Reportaje de la revista Regards sobre la ocupación de fincas en Extremadura en marzo de 1936 con fotos de David Seymour «Chim» /Magnum (foto: ARMHEX)

El dato más preciso sobre la desigualdad de la propiedad de la tierra en España lo ofreció el ministro de Hacienda en 1936: el 1,25 % de los contribuyentes disponía, al menos, de más del 40 % de la riqueza según el catastro realizado mayoritariamente en las provincias latifundistas (Gabriel Franco, Diario de Sesiones, 7 de mayo 1936). La concentración de la propiedad/explotación de la tierra generaba un orden social necesitado de la Guardia Civil, que amparaba relaciones de dependencia y llevaba aparejados bajos niveles de consumo y otras carencias, la principal de ellas la estabilidad institucional. Es sabido que la gran explotación expulsa empleo mientras que la pequeña lo absorbe: no es extraño que el 67 % del paro forzoso se concentrara en las provincias latifundistas. ¿Podría aminorarlo la reforma agraria?

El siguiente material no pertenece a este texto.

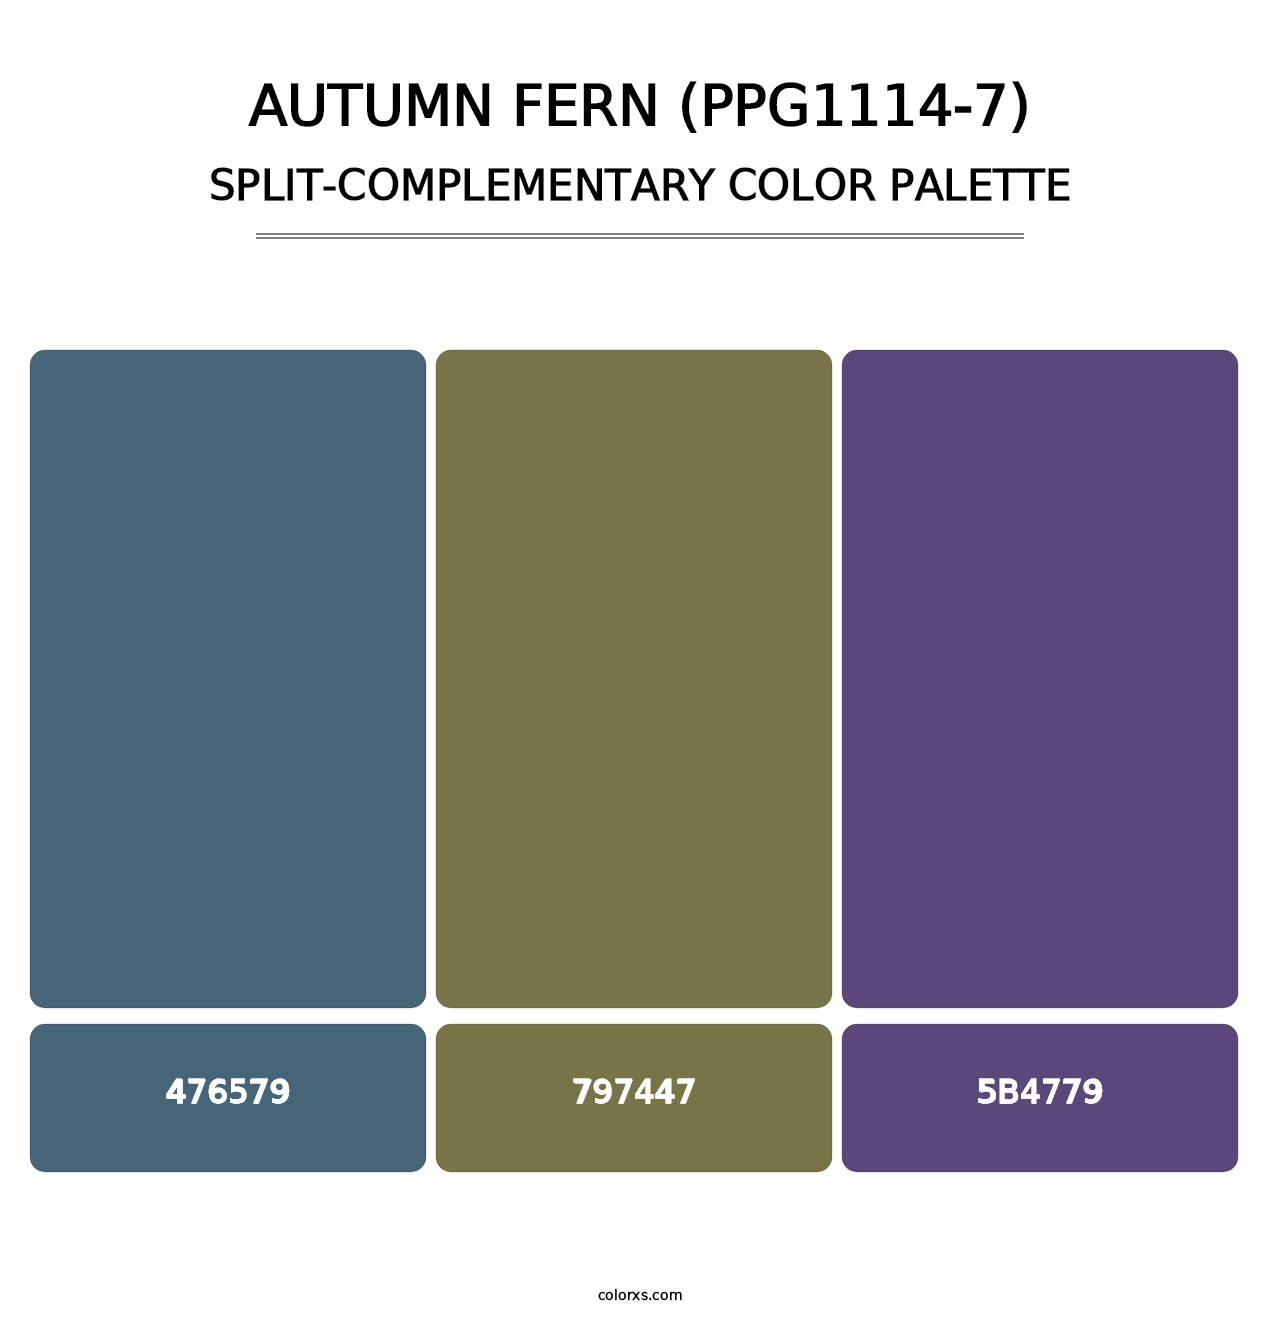 Autumn Fern (PPG1114-7) - Split-Complementary Color Palette

Dar respuesta a esta y otras preguntas es lo que he pretendido con La tierra es vuestra (Robledo, 2022) que dedica una parte importante al análisis de la evolución sociopolítica de la República a través de la conflictividad rural. Desde esa perspectiva se comprende mejor el cambio de una reforma en el corto plazo, como proponía la Comisión Técnica Agraria (CTA), a otra de medio plazo en el verano de 1931. Ante la creciente conflictividad en Andalucía desde el invierno de 1930, se proclamó el estado de guerra en mayo. Y para sostener el orden público, en vez de reforma, se optó por obras municipales para aminorar el desempleo estructural: 315 millones de pts. (los gastos del Estado rondaban los 4.000 millones) para invertir en el segundo semestre del año. Sánchez Román, presidente de la CTA, se sintió desautorizado por la orientación presupuestaria y dimitió el 4 de agosto. La reforma entró en un camino más reglamentista que no impidió asentar temporalmente a unos 40.000 yunteros en Extremadura en 1933-1934.

El triunfo del Frente Popular en febrero de 1936 dio un nuevo impulso a la reforma agraria. Había una diferencia fundamental: con los socialistas fuera del gobierno dando apoyo parlamentario (y sin los radicales de Lerroux, por supuesto), se corrigió la heterogeneidad política que había lastrado al Gobierno provisional. Azaña no era ya quien ponía palos en la rueda del proyecto de 1932 (y se jactaba de hacerlo) sino el que confesaba el 8 de marzo 1936 a una periodista del New York Times haber sido demasiado amable con los terratenientes: “Si los campesinos hubieran ocupado las tierras …[se] habría resuelto la cuestión agraria” (Brenner, 2021). No era un brindis al sol, como demuestra su apoyo a las ocupaciones/legalizaciones de las fincas en Extremadura de varias decenas de miles de yunteros a fines de marzo de 1936. El hispanista estadounidense Malefakis ofreció un cuadro dramático del campo que no comparte la historiografía más solvente (Cruz, 2011; González Calleja et al. 2013; Viñas, 2019). Uno de los movimientos sociales más importantes de la historia contemporánea se llevó a cabo sin víctimas mortales (Espinosa, 2007: 134).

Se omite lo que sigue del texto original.